In yet another aspect, there are provided one or more non-transitory machine-readable information storage mediums comprising one or more instructions, which when executed by one or more hardware processors causes a method for a progressive multi-level training framework with a logit-masking strategy for retail taxonomy classification is provided. The processor-implemented method includes collecting, via an Input/Output (I/O) interface, at least one image of a predefined article. Further, the processor-implemented method includes training at least one set of convolutional and pooling layers using the collected at least one image based on a back propagation technique. Furthermore, a first set of visual information of the at least one image is extracted using the trained at least one set of convolutional and pooling layers, wherein the first set of visual information corresponds to first hierarchical level information. Furthermore, the extracted first set of visual information of the at least one image is classified into the first level hierarchical information using a set of fully connected layers of a convolution neural network, wherein weights of the set of convolutional layers are freezed for each hierarchical level.

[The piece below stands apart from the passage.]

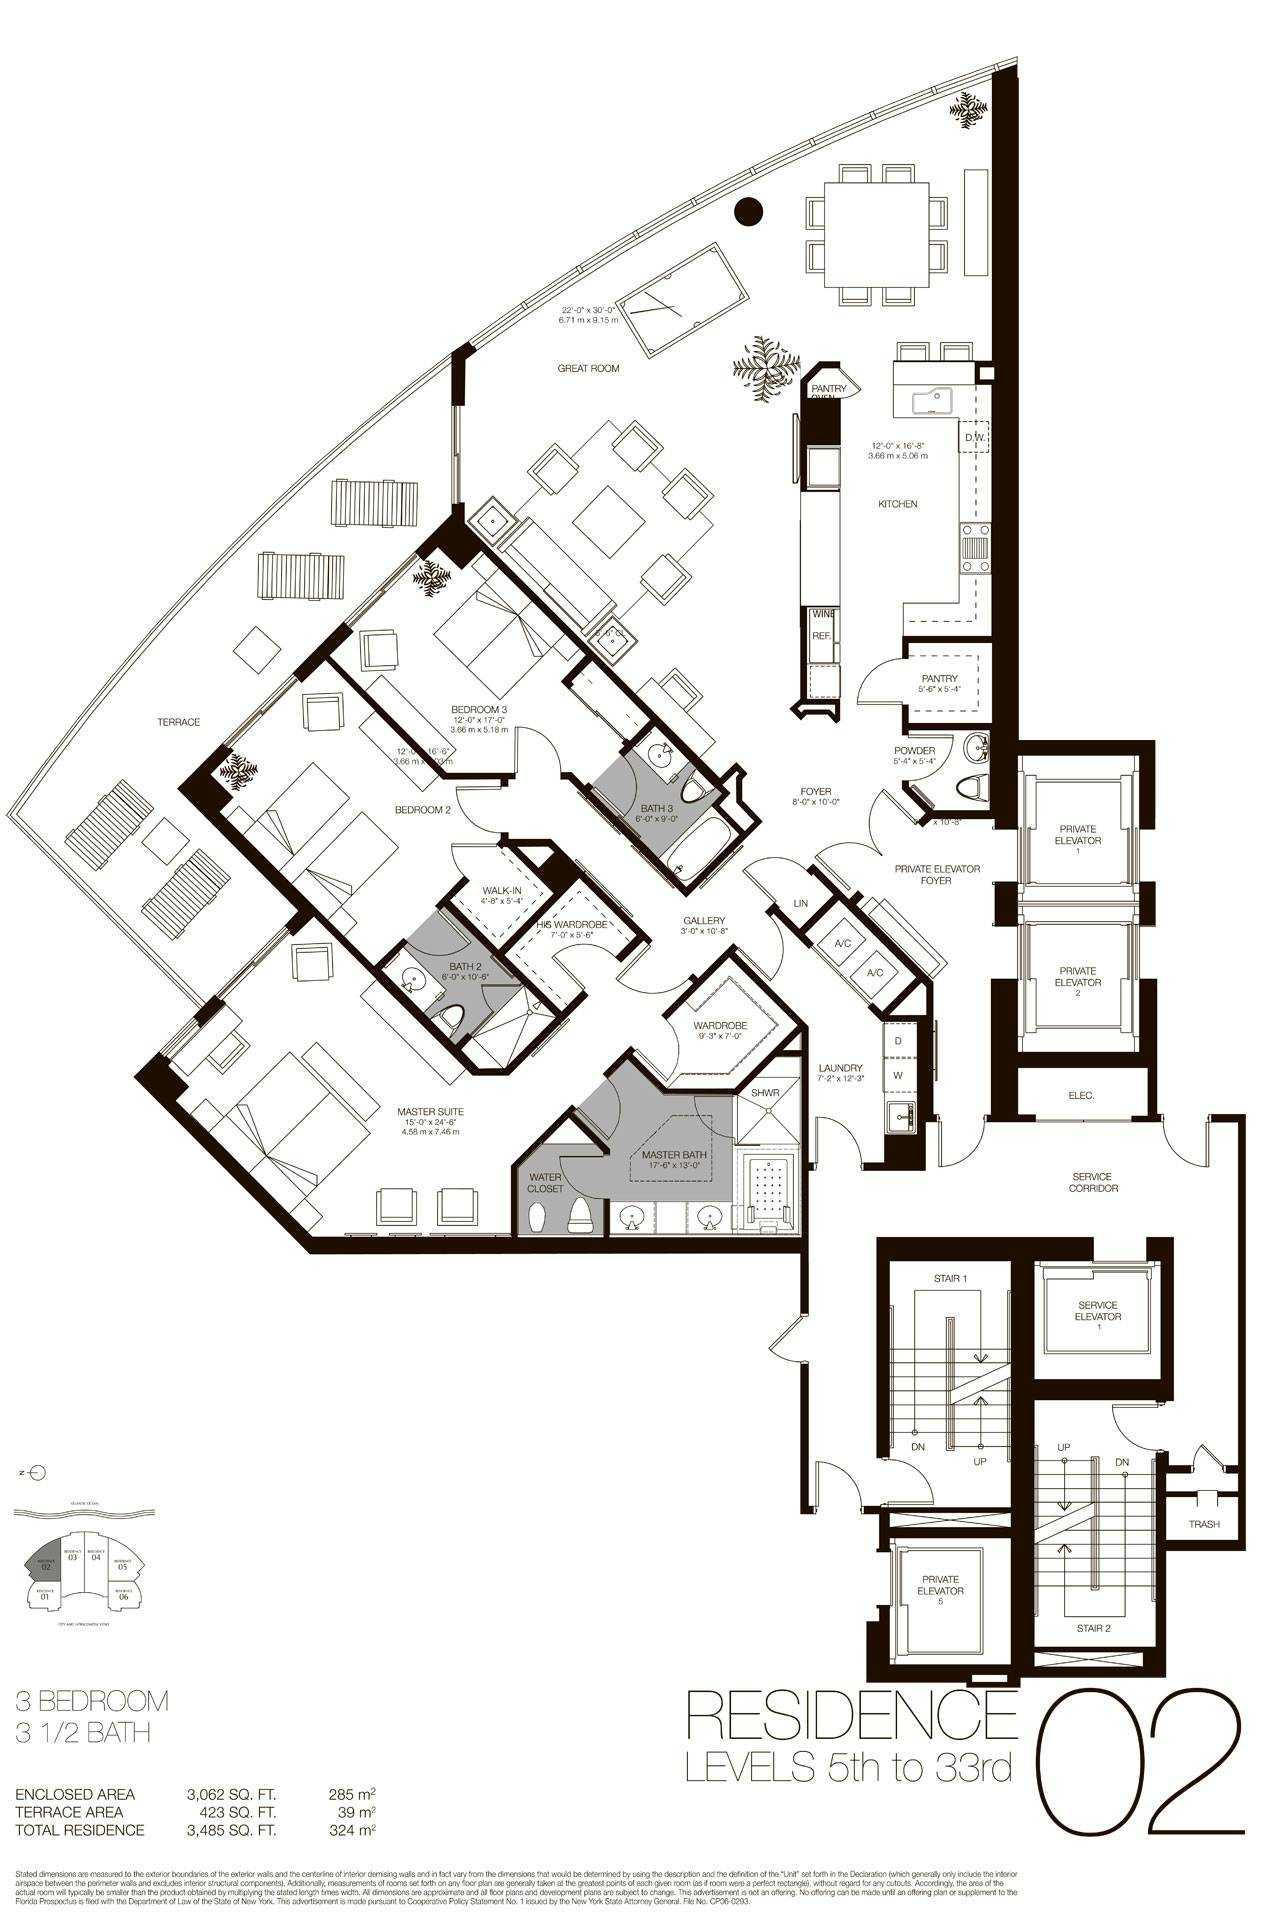 Residences 02 - 05, Level 5-35

Furthermore, the processor-implemented method comprises extracting a second set of visual information of the at least one image using the trained at least one set of convolutional and pooling layers. The second set of visual information is associated with a second hierarchical level information. Further, the first level visual information and the extracted second set of visual information of the at least one image is passed to a set of fully connected layers of a convolution neural network and a predefined logit masking strategy to obtain second level hierarchical information. Herein, the logit masking strategy addresses label inconsistency by hiding irrelevant classes based on the first level hierarchical information to obtain the second hierarchical level information.

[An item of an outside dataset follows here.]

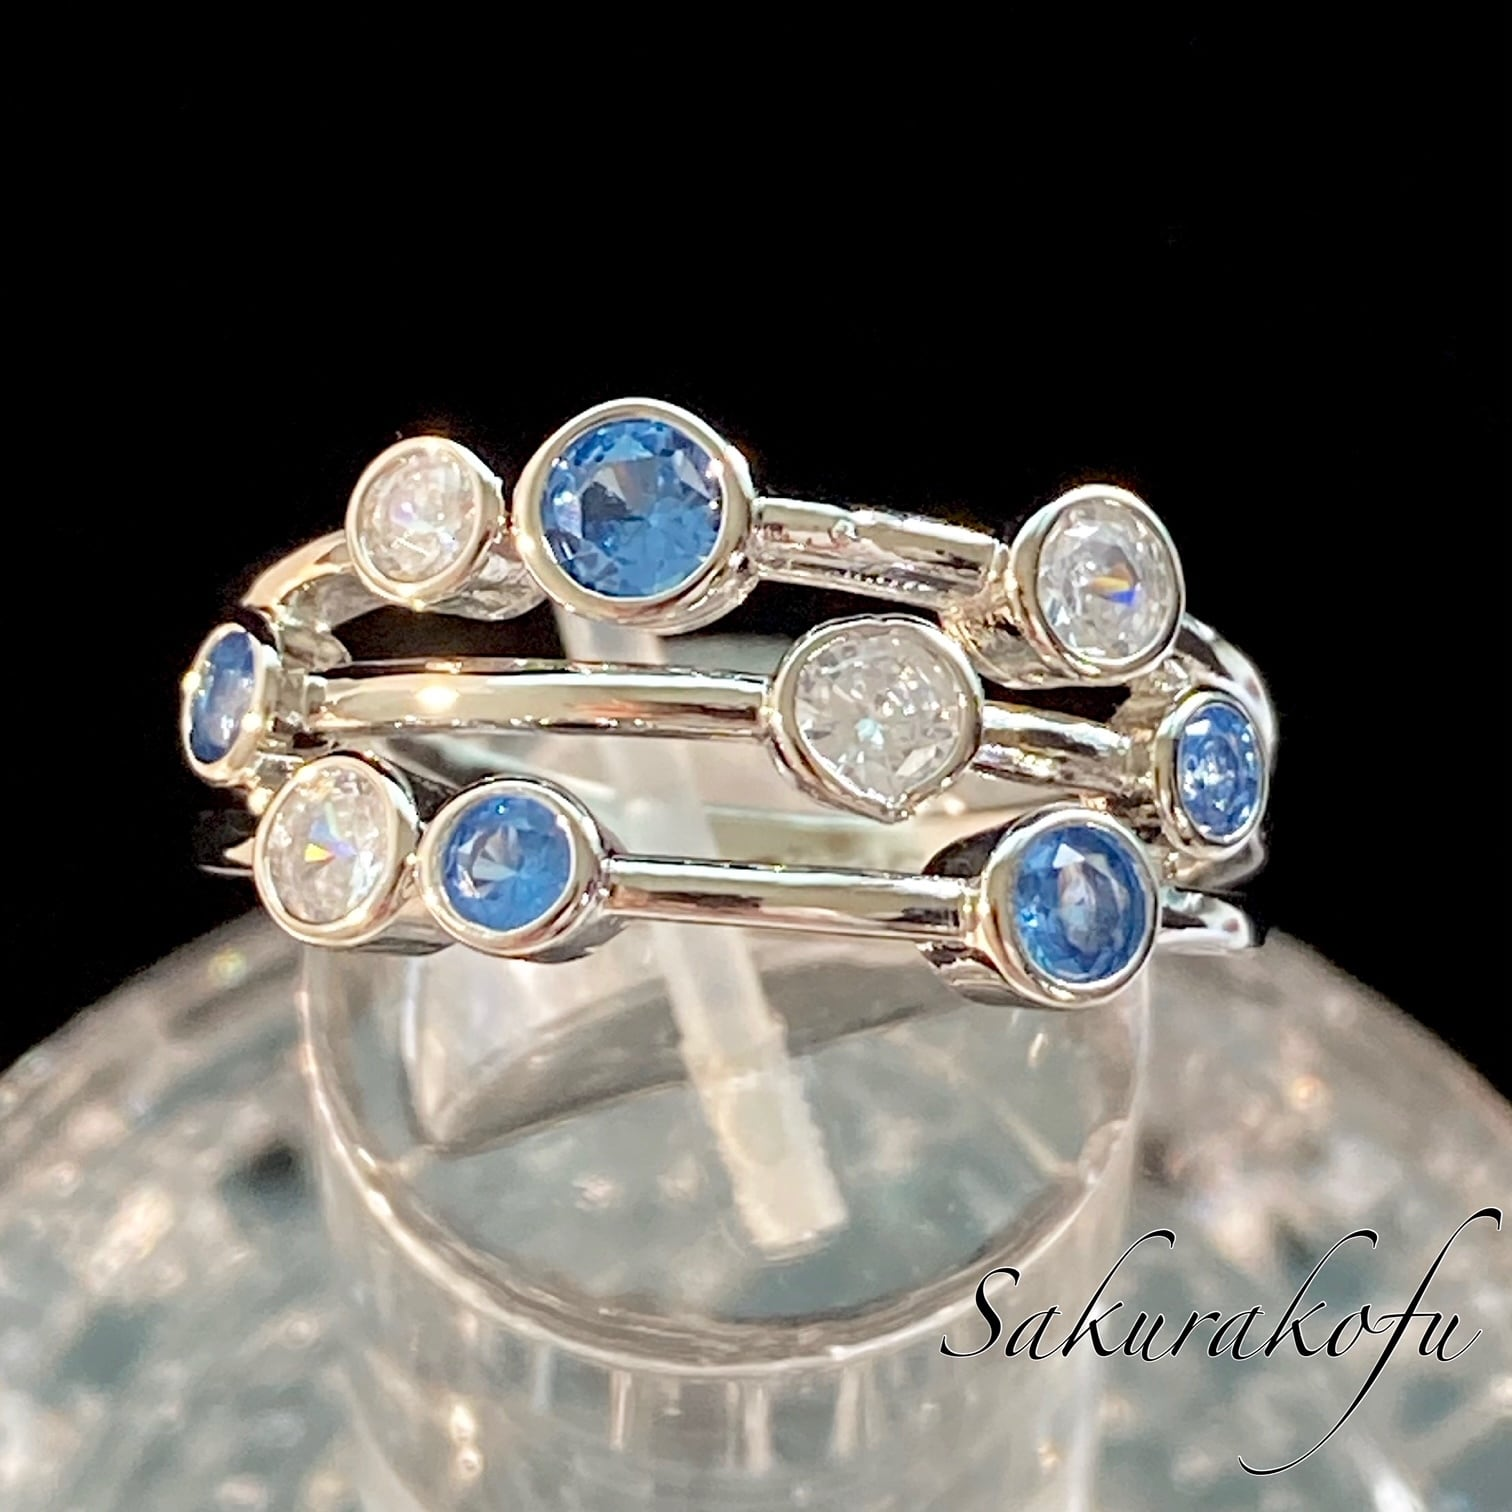 D088 送料無料 人気デザイン レディース リング 指輪 アクアマリン ブルー キュービック シルバージュエリー デザイナーリング

Furthermore, the processor-implemented method comprises extracting a third set of visual information from the at least one image using the trained at least one set of convolutional and pooling layers. Herein, the third set of visual information corresponds to a third hierarchical level information. The first and second level visual information and the extracted third set of visual information of the at least one image are passed to a set of fully connected layers of a convolution neural network and a predefined logit masking strategy to obtain the third level hierarchical information. Finally, a taxonomy is created using the obtained first, second and third level hierarchical information to facilitate hierarchical labelling of the predefined article for an automatic arrangement. Wherein the convolution neural network is trained progressively to nth level by considering visual information from first level to (n−1) levels.

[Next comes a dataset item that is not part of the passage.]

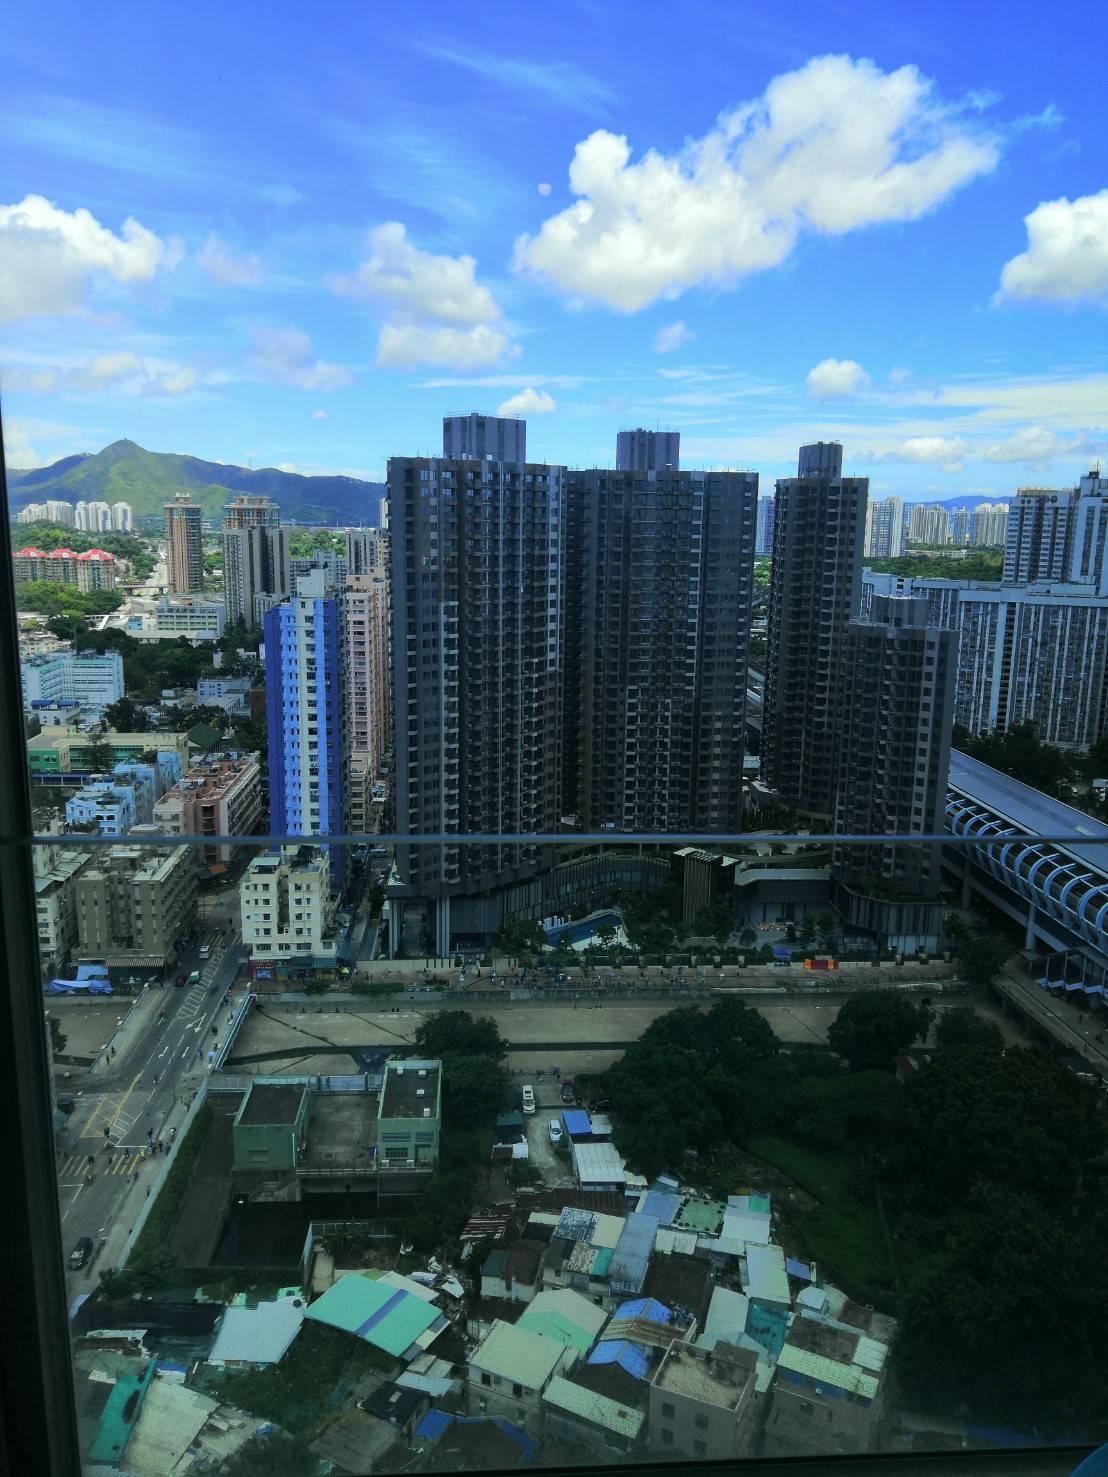 世宙💗超抵近鐵🚅2房高層💗遠景🌌原裝🛠️半新樓🏢

It is to be understood that both the foregoing general description and the following detailed description are exemplary and explanatory only and are not restrictive of the invention, as claimed.
The accompanying drawings, which are incorporated in and constitute a part of this disclosure, illustrate exemplary embodiments and, together with the description, serve to explain the disclosed principles:
Exemplary embodiments are described with reference to the accompanying drawings. In the figures, the left-most digit(s) of a reference number identifies the figure in which the reference number first appears. Wherever convenient, the same reference numbers are used throughout the drawings to refer to the same or like parts. While examples and features of disclosed principles are described herein, modifications, adaptations, and other implementations are possible without departing from the scope of the disclosed embodiments.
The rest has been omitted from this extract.